Un chef de gare avait raconté qu’autrefois, la lenteur du train des Pignes était nécessaire pour permettre aux passagers de ramasser durant le trajet des pommes de pin, appelées « pignes » en provençal. Marie pensa à nouveau à son oncle et à sa famille du Canada. Elle se souvint d’une histoire que son cousin Jacques avait relatée et qui se déroulait à la fin du 19e siècle. Il avait raconté que pour se rendre en Saskatchewan, les colons québécois, belges et français prenaient eux aussi le train. Mais les trains étaient souvent si bondés que les enfants des colons devaient courir sur les voies ferrées, derrière le dernier wagon. Et cela sur des centaines de kilomètres.
Quand la chambre des filles replongea dans la pénombre, les mots de l’oncle Martin continuaient à résonner dans l’esprit de Marie. Elle crut entendre au loin le rire de ses cousins canadiens. Jouaient-ils avec des taureaux et des étalons sur leur ferme? Elle s’endormit, se laissant emporter au-delà de la Méditerranée, bousculée par des changements de pression atmosphérique.
Elle se sentit avalée par une colonne d’air qui l’amena jusqu’à la Baie de Fundy. Elle se souvint alors des plus grandes marées du monde, mais poussée par d’autres vents, elle s’envola vers la rivière Rouge. Elle atterrit finalement sur le sol des Prairies. Elle vit du bleu, du blé, le bord d’une route. Soudain, une danse des chiffres assiégea ses paupières : 1 plus 8 font 9, 2 plus 7 font 9, 3 plus 6 font 9, 9, 9, 9 balles de foin, un billet tout neuf dans une main, sa carte de la Saskatchewan dans l’autre.
Tandis qu’elle franchit la clôture blanche de l’oncle Martin, Marie fut surprise d’apercevoir la camiothèque de papi Jules. Elle vit son grand-père en sortir pour distribuer ses ouvrages remplis d’aventures. Des mains d’enfants s’approchèrent et le sollicitèrent, alors qu’au loin les wagons du train des Pignes traversaient l’horizon cotonneux, se gonflant et se dégonflant comme des ballons à la queue leu leu. Les yeux rivés sur la locomotive, Marie traversa le champ illuminé en direction de la camiothèque.
Elle entendit le bruit assourdissant de mots inconnus qui s’entrechoquaient et s’embrasaient sous les lueurs d’une lune à la paupière dilatée.
Ces mots, Kisiskâciwanisîpiy, Nehiyawak, Mistahimaskwa, et d’autres mots qu’elle n’avait jamais rencontrés grimpèrent par-dessus la clôture. Des pages fécondées par la terre les suivirent, frôlèrent Marie avant d’entourer la camiothèque pour lui donner des ailes et la soulever.
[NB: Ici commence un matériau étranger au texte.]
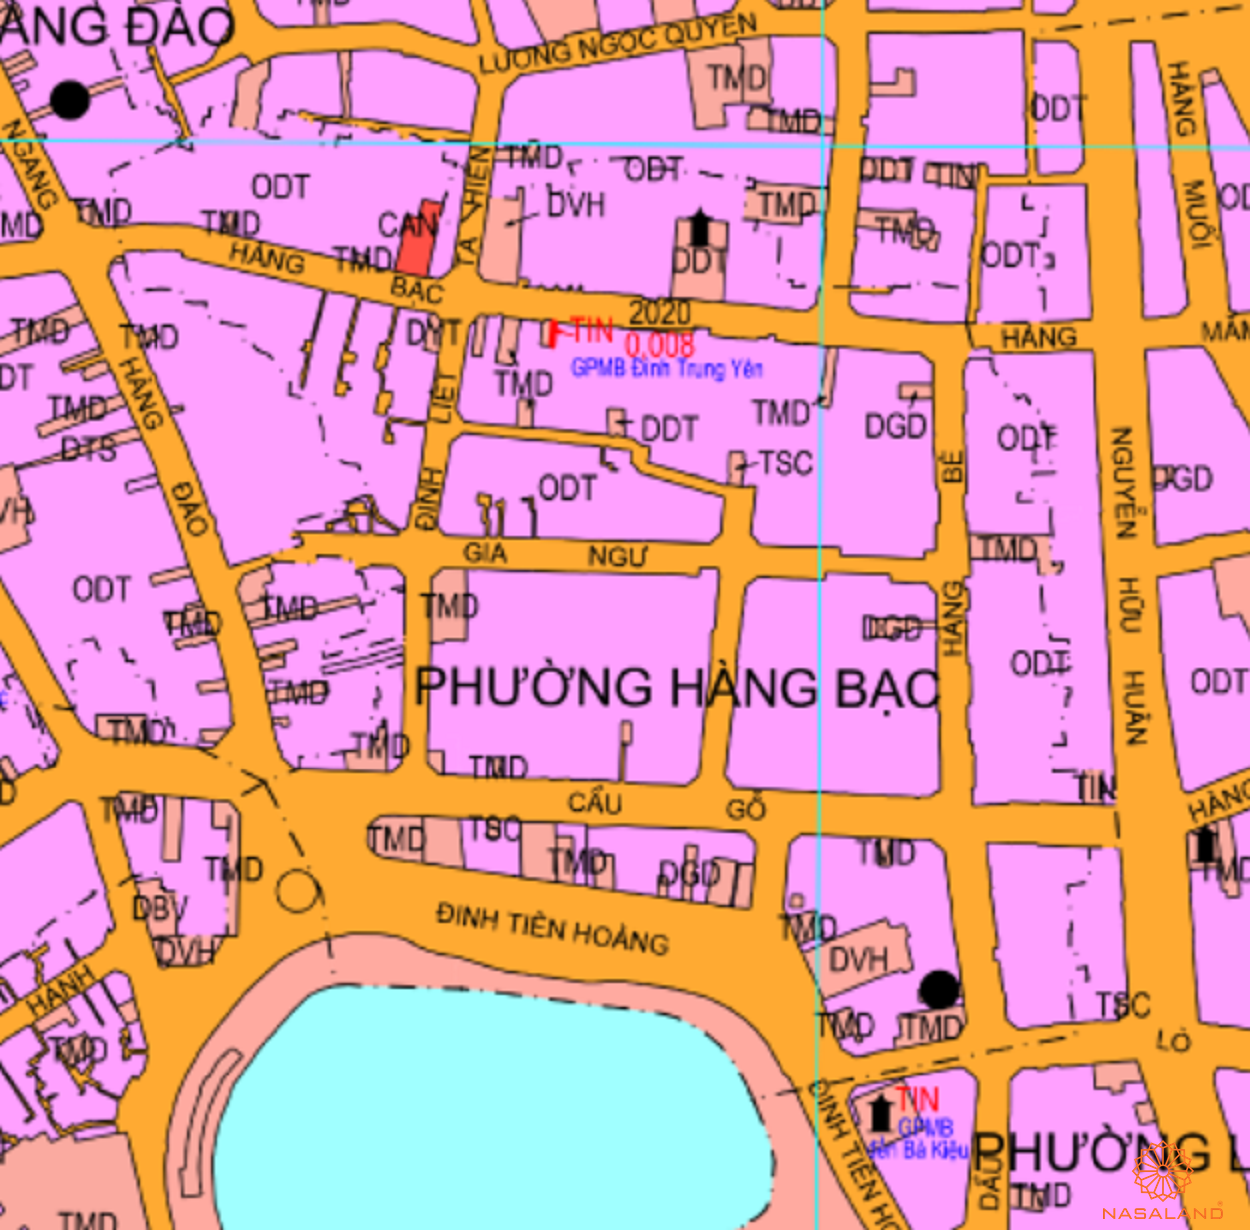 Bản đồ quy hoạch sử dụng đất Phường Hàng Bạc theo bản đồ quy hoạch sử dụng đất năm 2020 Quận Hoàn Kiếm, Thành phố Hà Nội.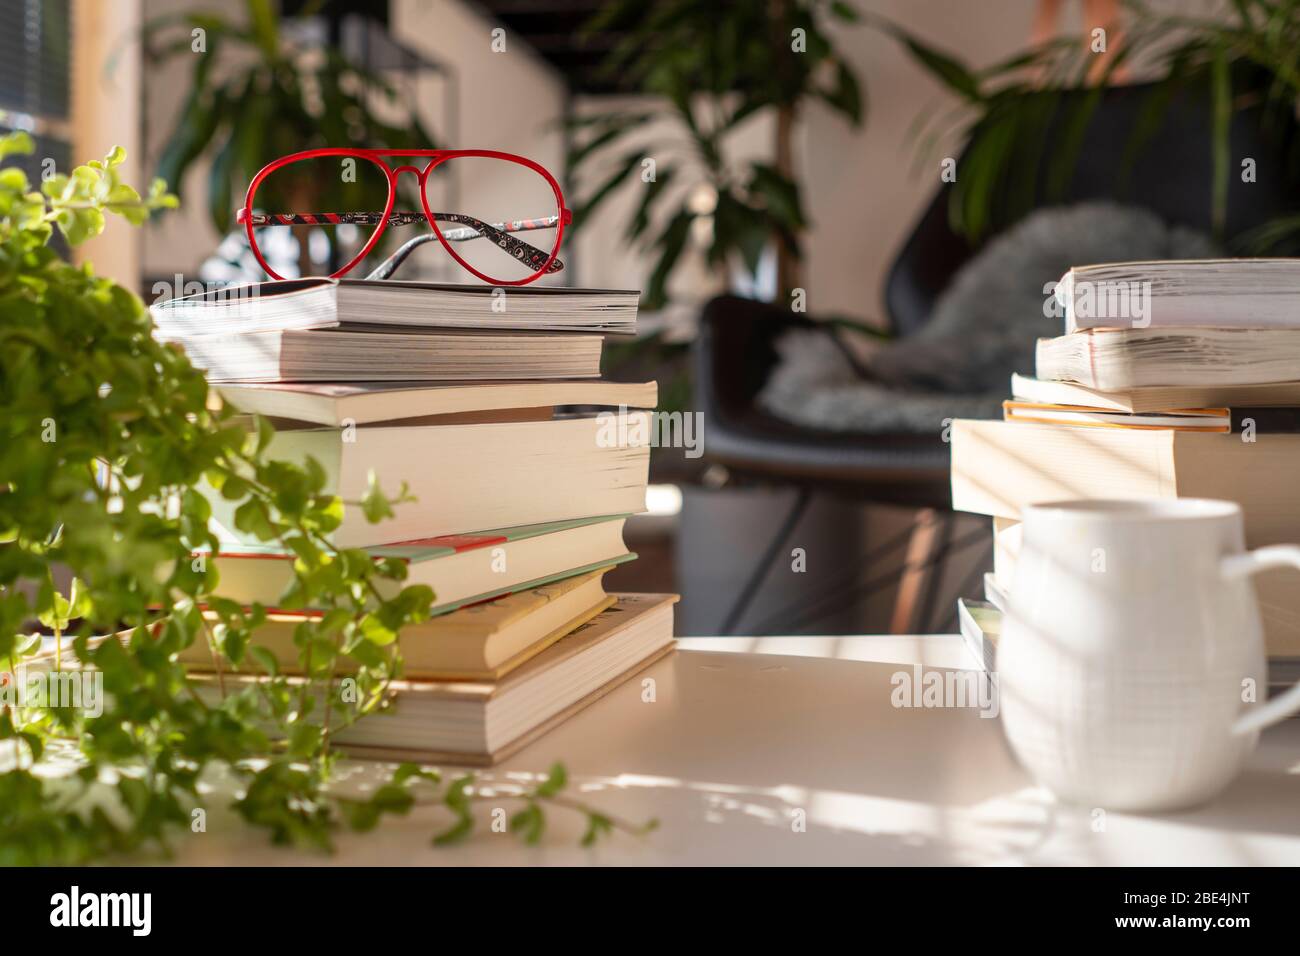 À l'intérieur d'une maison verte avec de nombreuses plantes. Une pile de différents livres sur une table avec des verres rouges et une tasse de café au coucher du soleil Banque D'Images

C’est alors que le miracle s’opéra : la camiothèque de Papi Jules retomba sur le sol poussiéreux, disparut un bref instant, puis refit surface, plus haute, à deux étages, comme un autobus à impériale. Marie attrapa une page qui lui apprit qu’en 1941, Mlle Phyllis Thompson fut la première femme à conduire des bus à deux étages au Royaume-Uni.
C’est à ce moment-là qu’elle eut la révélation qu’un jour elle voudrait conduire sa propre camiothèque sur les terres de la Saskatchewan.